Most aid agencies order medicines from suppliers who take up to two months to source the drugs from manufacturers. MSF saves time by having its own supply centre based in Bordeaux, France.

The centre’s 13,000 square metre warehouse is stocked with all the medicines that MSF needs for its programmes as well as emergency items that can be quickly deployed in the event of a disaster or disease outbreak.

Once an order is ready to go, aid agencies must weigh up the reduced cost of shipping it to the nearest port versus the much quicker but more expensive option of sending it by air.
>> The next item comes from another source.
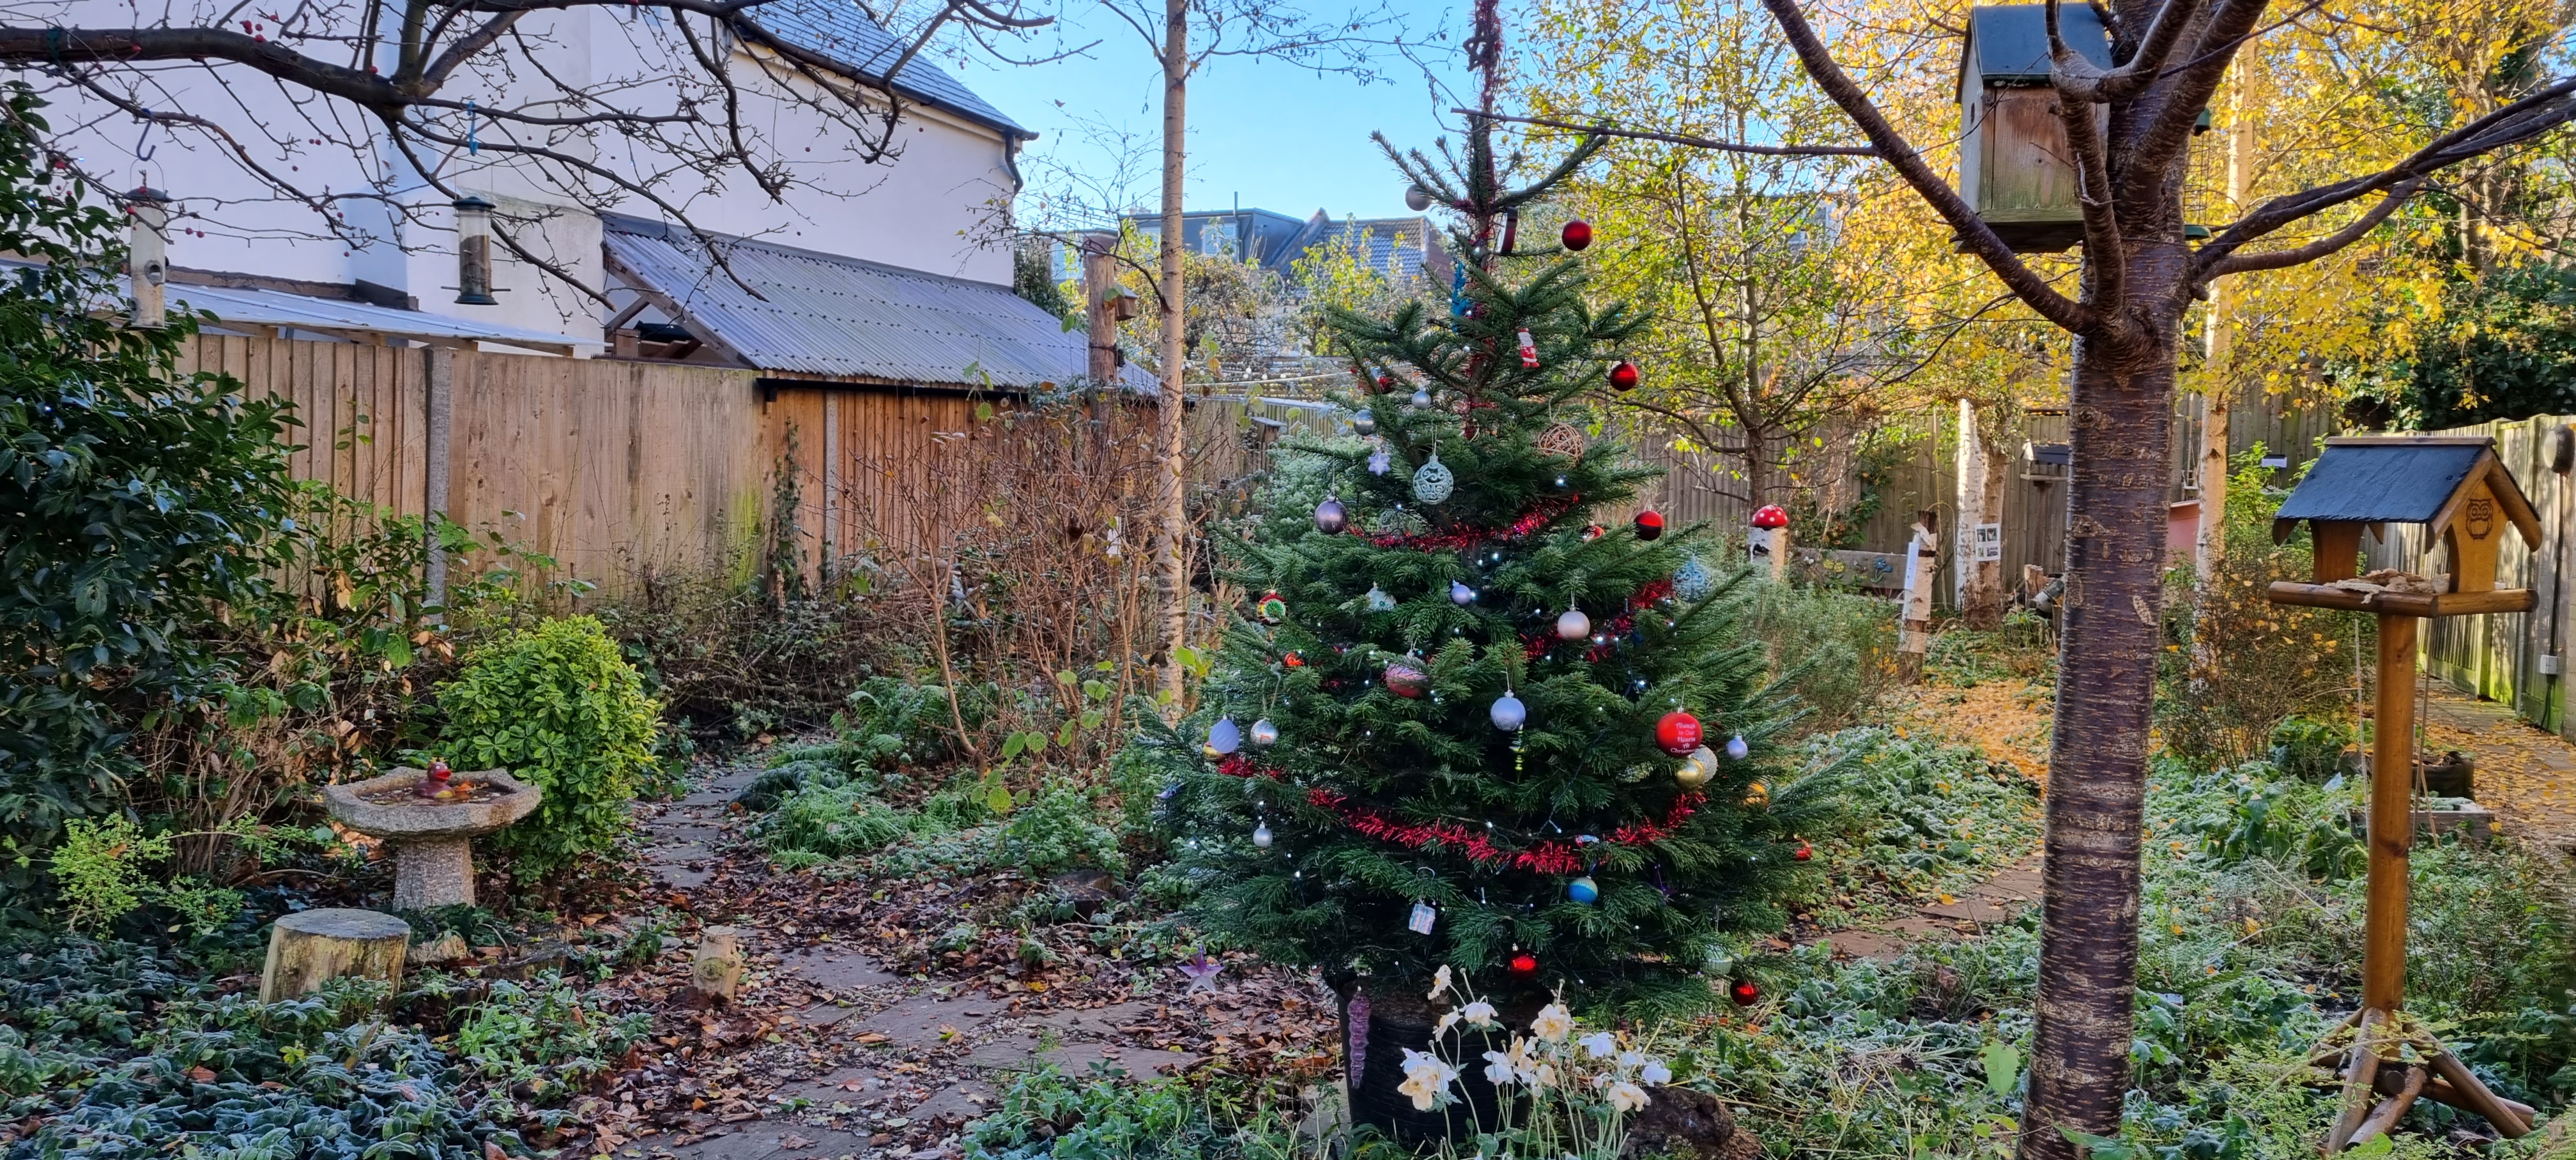 Christmas tree 2022

MSF sends most of its medicines by air.

According to Verseau, this is partly to lower the risk of them being damaged.

“Containers need to be temperature and humidity controlled, which is not a problem on a boat, but at the port sometimes you don’t know what condition it’s being kept in; you might just have to throw them away if they’ve been sitting in a container under the sun.”

UNHCR, which prepares orders large enough to cover a whole year of operations in a particular country, ships most of its medicines and must then transport them by truck to warehouses in the destination country.

For land-locked countries like South Sudan and the Central African Republic (CAR), this usually involves covering thousands of kilometres by road. Such journeys are fraught with risk.

Conflict zones and poor infrastructure

The final leg of the supply chain – getting medicines from centrally-based warehouses to clinics and camps in conflict-riven states with poor or non-existent roads – often presents the greatest hurdles. In South Sudan, for example, paved roads are scarce and the rainy season makes unpaved roads impassable from May to December. Even during the brief dry season, the ongoing conflict has made some roads unsafe to travel.

“The main means of transport is by plane,” said Karin Ekholm, who works for MSF in South Sudan. “Everything has to be flown in for 10 months of the year.”

But transporting medicines by plane is too costly for many NGOs.

In the CAR, for example, the International Federation of the Red Cross and Red Crescent Societies (IFRC) does not have sufficient funding to air deliver medical supplies.

An initiative to combat malaria that IFRC is implementing with a grant from the Global Fund aims to provide close to 850,000 people displaced by the current conflict with mosquito nets, malaria treatment and rapid testing kits. But the combination of poorly maintained roads and an unpredictable conflict have made the task extremely challenging.

Trucks carrying medical and other supplies travel in convoy with heavy security but are still sometimes targeted and attacked, according to Nelly Muluka, who is based in IFRC’s office in CAR's capital Bangui.

“Some of the roads are in a bad state, and some are just inaccessible. We’ve had to use boats before, motorbikes, even walking,” she said.